De la centaine de messages parus de février à juin 2021, l’auteur en a conservé plus d’une cinquantaine, fusionnant les histoires racontées sur quelques jours. Ainsi, « Hell de Hell! » réunit les textes parus du 18 au 23 mars; il y relate la visite du réalisateur de Race de monde aux Trois-Pistoles qu’il avait invité, car il voulait lui faire comprendre pourquoi le comédien Robert Rivard devait impérativement interpréter le personnage de l’oncle Phil.
Il en va de même pour la truculente
histoire de « la vieille dame de Saint-Pétersbourg » du titre, une
remarquable fantasmagorie dont vous vous souviendrez longtemps tellement cette
vieillissante dame indigne est à la hauteur des grands personnages dont foisonne l’œuvre de VLB.
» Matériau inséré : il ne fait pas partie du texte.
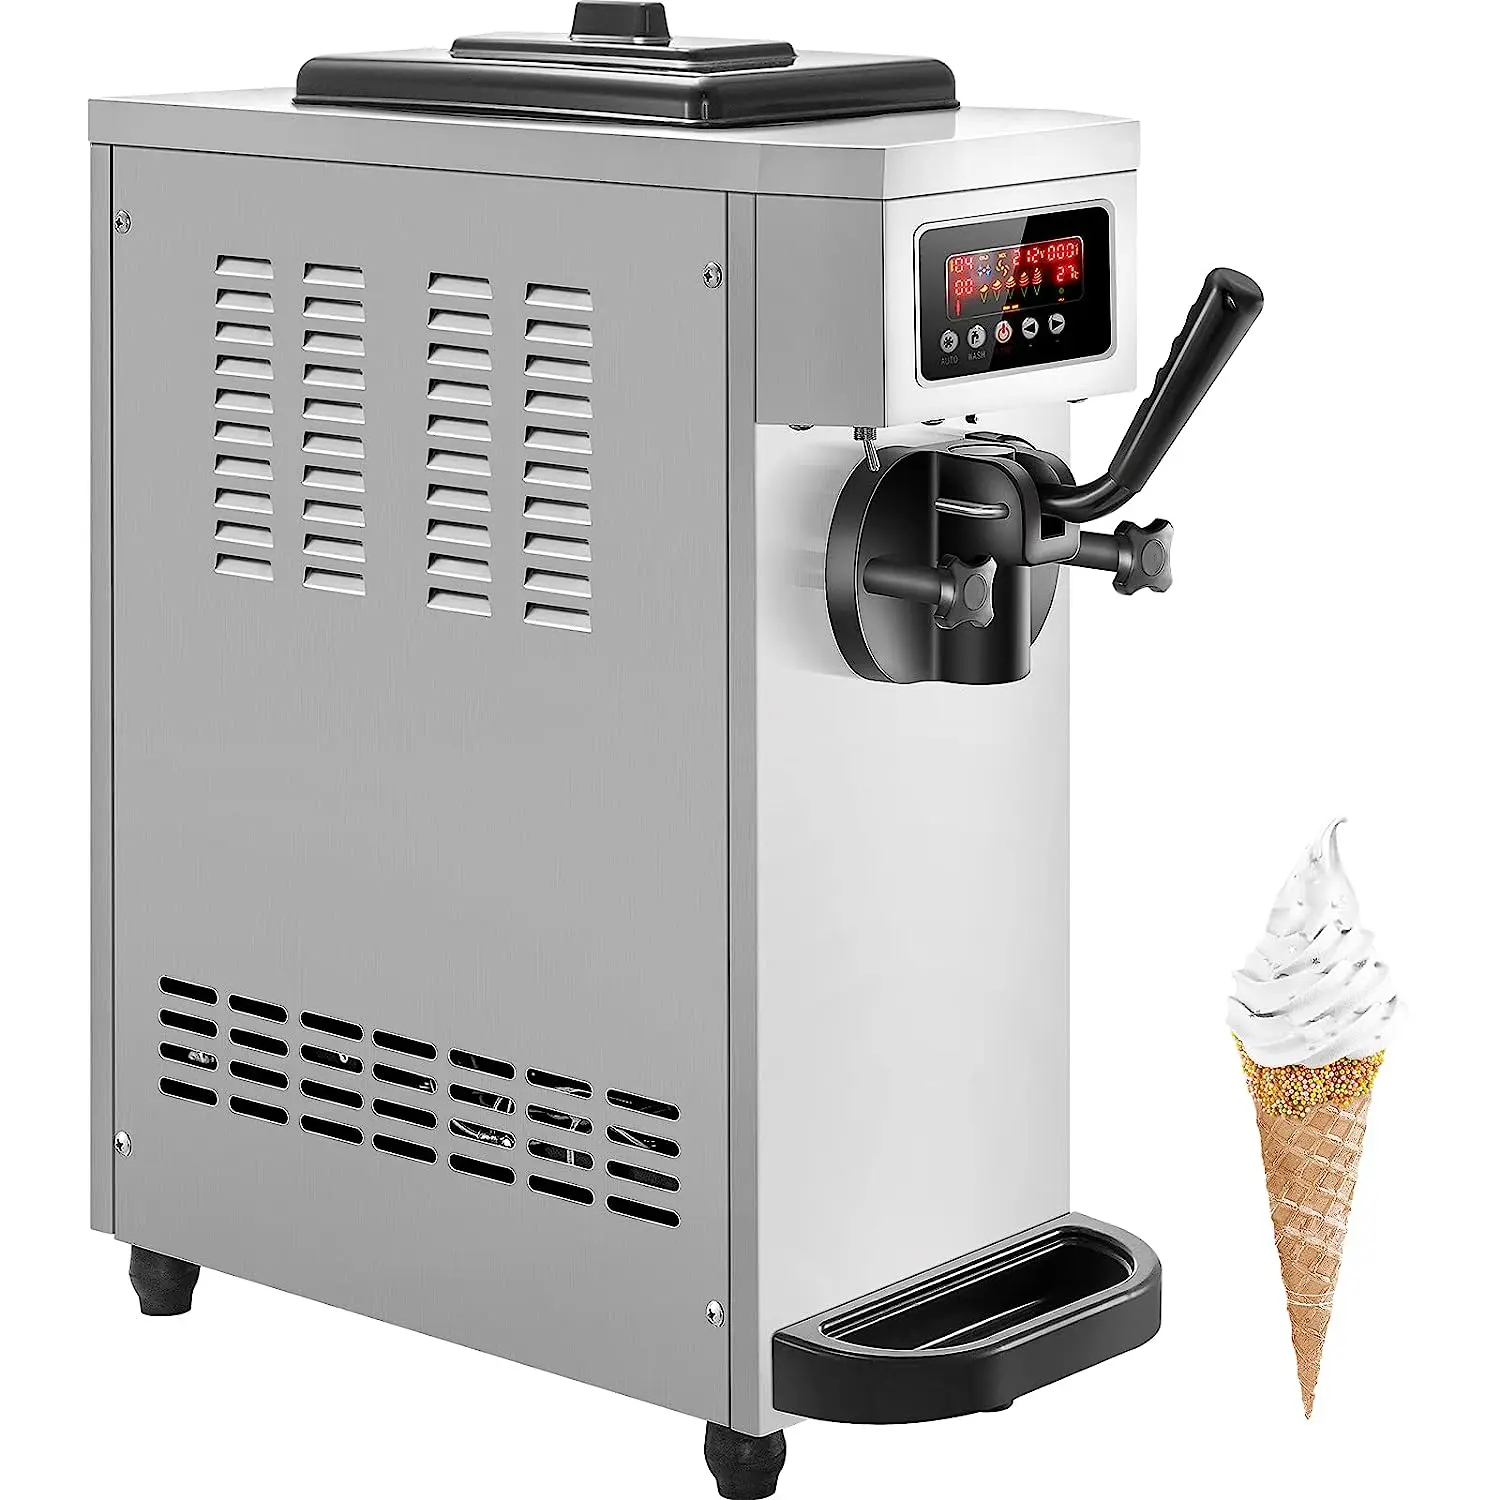 https://ae01.alicdn.com/kf/S2a54255b38564788a60fc2afa4d3233cW/VEVOR-New-Commercial-Ice-Cream-Maker-Single-Flavor-Commercial-Ice-Cream-Machine-4-7-5-3.jpg
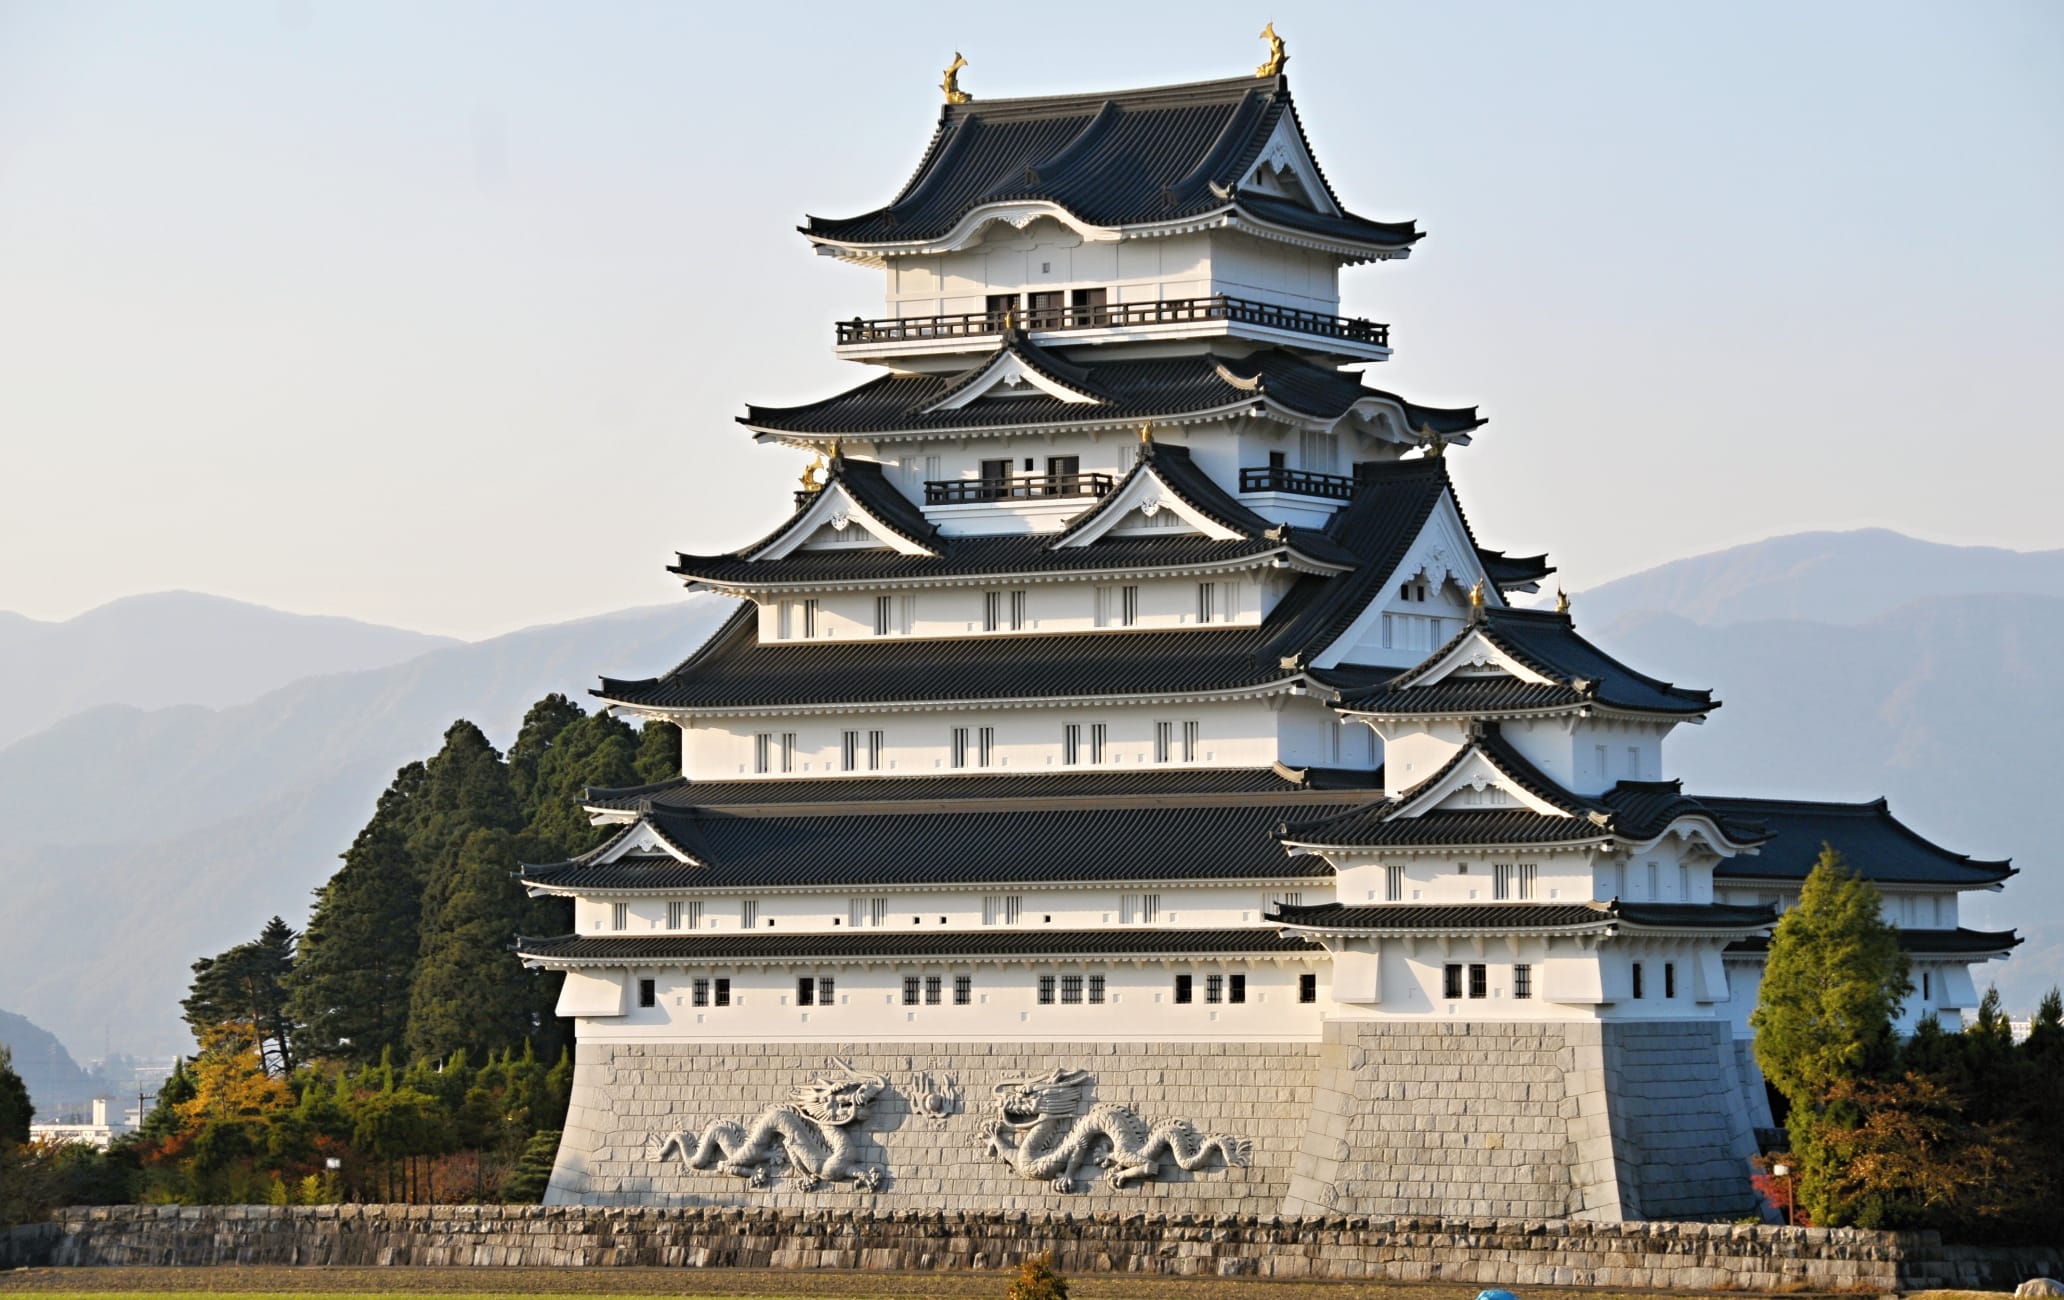 Echizen Katsuyama Castle

Comment a-t-il assemblé une telle
courtepointe de mots et d’images? Outre les récits dont je viens de parler, tous
sont, à peu de chose près, identiques à l’original. Il y a cependant un ajout important :
les exergues en tête de chacun, comme autant de poèmes dont les images illustrent
le thème qu’ils jouxtent. Voyez ces exemples :
Ce qui est
sans partage
Dans sa vie
Ne laisse
pas de quoi
Se
ressouvenir.
Ou :
L’enfance ne
se vit pas
Dans l’action
Mais dans
quelque chose
De plus
subtil,
Qu’on
appelle l’innocence
À défaut de
pouvoir
La mieux
nommer.
Et enfin :
La
littérature des autres
A au moins
ceci de bon :
Elle est
consolante
Parce
qu’elle sait mieux exprimer
Ce qui ne
peut pourtant pas l’être.
Il y a dans ce patchwork des couleurs
et des motifs entrelacés. Il en va ainsi de "l’art de se remembrer" :
« J’aime cette expression et je trouve dommage qu’on l’ait mise de côté comme
tant de belles choses venues de la langue française. Se remembrer, c’est se
souvenir tout à coup et presque toujours par hasard d’un moment particulier du
passé qui, nous revenant à l’esprit, change quelque chose de fondamental en son
soi-même. »
Une question revient telle une
marée d’un livre de VLB à l’autre : quelle est l’origine de son prénom. "Drôle
de parentelle" nous l’apprend avec toute la richesse de la langue que l’écrivain
sait si bien renouvelée. Victor lui vient de son parrain et Lévy, d’une histoire
géopolitique « d’une tribu juive en exil en royaume de France, tribu
surbroquée les Lévy-LeRoy. » « Si ce jour d’hui, je souffre peut-être
d’une schizofinie mal identifiée mais fiable, c’est à cause que dans ma famille
où c’est que ma mère aguissait le nom de Victor, j’étais surnommé Lévy… sauf, manquablement,
quand on rendait vesite à mononcle Victor. Je sortais de là avec deux gros cinquante
cents en argent sivousplaît, mais les oreilles pas mal écorchées, de quoi pus
savoir rien de mon identifiable! »
Écrire dans les médias sociaux peut
sembler un talent dont tous les abonnés sont doués. Nenni, car combien de fois
les cheveux nous dressent sur la tête en constatant le bas niveau de littéracie
qu’on y pratique, une constatation que font aussi les profs de cégep et d’université.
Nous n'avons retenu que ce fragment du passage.